There is an analogy ( albeit a rather cruel one) which illustrates the effect. Imagine a pit guarded by a spiteful demon and full of tens of billions of children. The children can leave at any time, but they must pay 1 dollar to the demon to do so, when they leave the demon takes all the money they have. The air in the pit is caustic to metal and so any money in the pit decays rather quickly. Adults outside the pit can throw money down to the children to get them out. If the adults throw down a rain of quarters no child will ever be able to leave the pit since probability dictates that the quarters are spread out too evenly among them for anyone to accumulate a dollar before the money decays. But if the adults switch and start throwing down silver dollars every coin that reaches the bottom frees 1 child who can use it immediately to escape. If they change to throwing 5 dollar coins no extra children get out because each child who gets a coin escapes but cannot pay the fare of any other. If instead of throwing 5 dollar coins they simply increase the number of 1 dollar coins they throw by 500% five times as many children escape because 5 times as many receive the 1 dollar coins. This lead to the realization that the incident energy from the light source was not arriving in a constant stream (like money continuously ticking up in a bank account over time) but in discrete intervals like the rain of quarters or dollars.
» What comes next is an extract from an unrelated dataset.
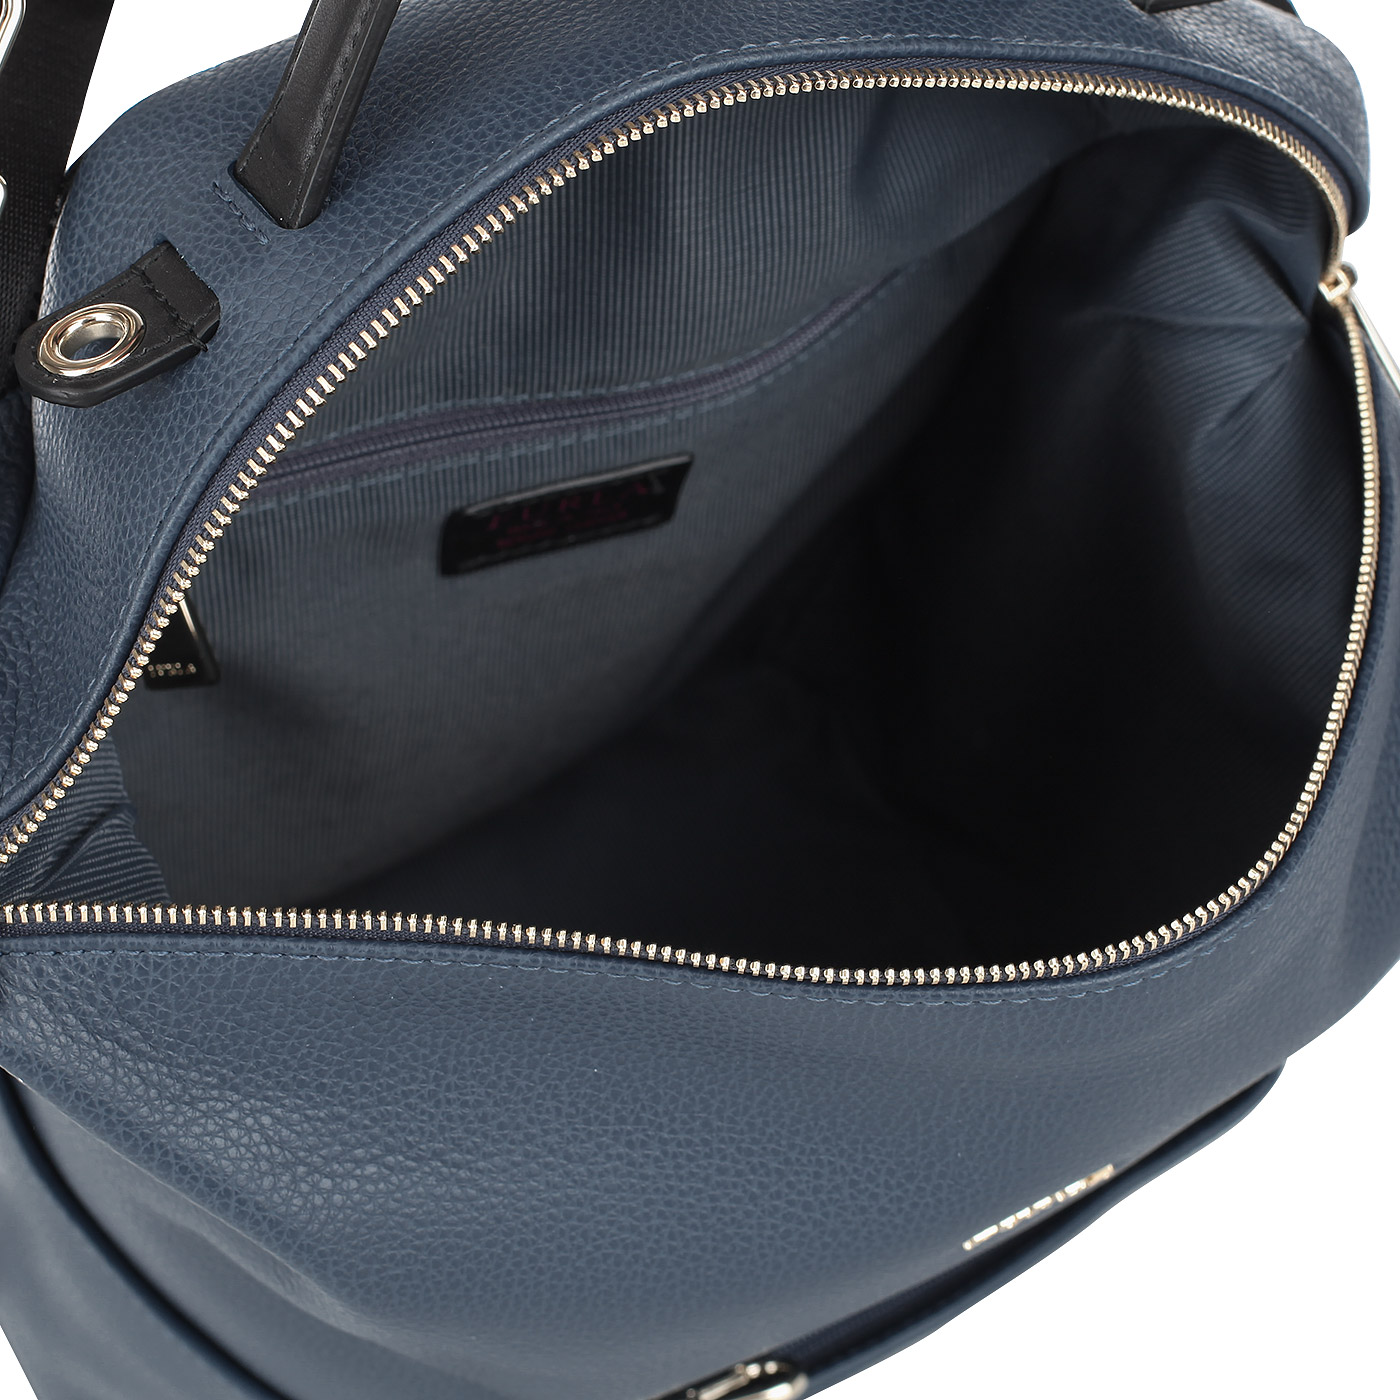 Аккуратный женский рюкзак синего цвета Furla Dafne avatar

Numerous physical effects are a result of this quantized interaction including the spectral lines seen in the sun, neon signs, and other highly monophysical light sources when viewed through a prism. In this way we often say that light "interacts like a particle" since it does not come in one continuous wave (like an ocean wave) from source to target but rather in billions of "wave packets" each originating from a single atom at the source and incident on another single atom with a definite quantization of energy at the target. So again the short version is that light is a transverse Electromagnetic wave as described by Maxwell, but due to the fact that each wave packet of light carries a specific quantization of energy dependant on its wavelength, it interacts with matter in a way more like what we expect a particle to behave like because like a particle the energy is not a continuous feeding (like from a hose) but rather a "kick" like from a pool ball.

I love talking about physics and I hope this answers your question.
User avatar
By Spiral Out
#131668
I appreciate your response and your understanding, MazerRackhem. I genuinely did not intend to insult or offend you and I apologize to you for my part in the devolution of your thread.

That is certainly a LOT to try to digest at once, I'll have to read it through a few times and get back to you with some thoughts.

Due to my type of work, I do have experience and practical knowledge of the function of transformers and I understand the concepts of IR frequency radiation and the emissivity values of various materials and surfaces. I know that's not very impressive but contrary to the impression I may have given, I do in fact enjoy physics and all things technical.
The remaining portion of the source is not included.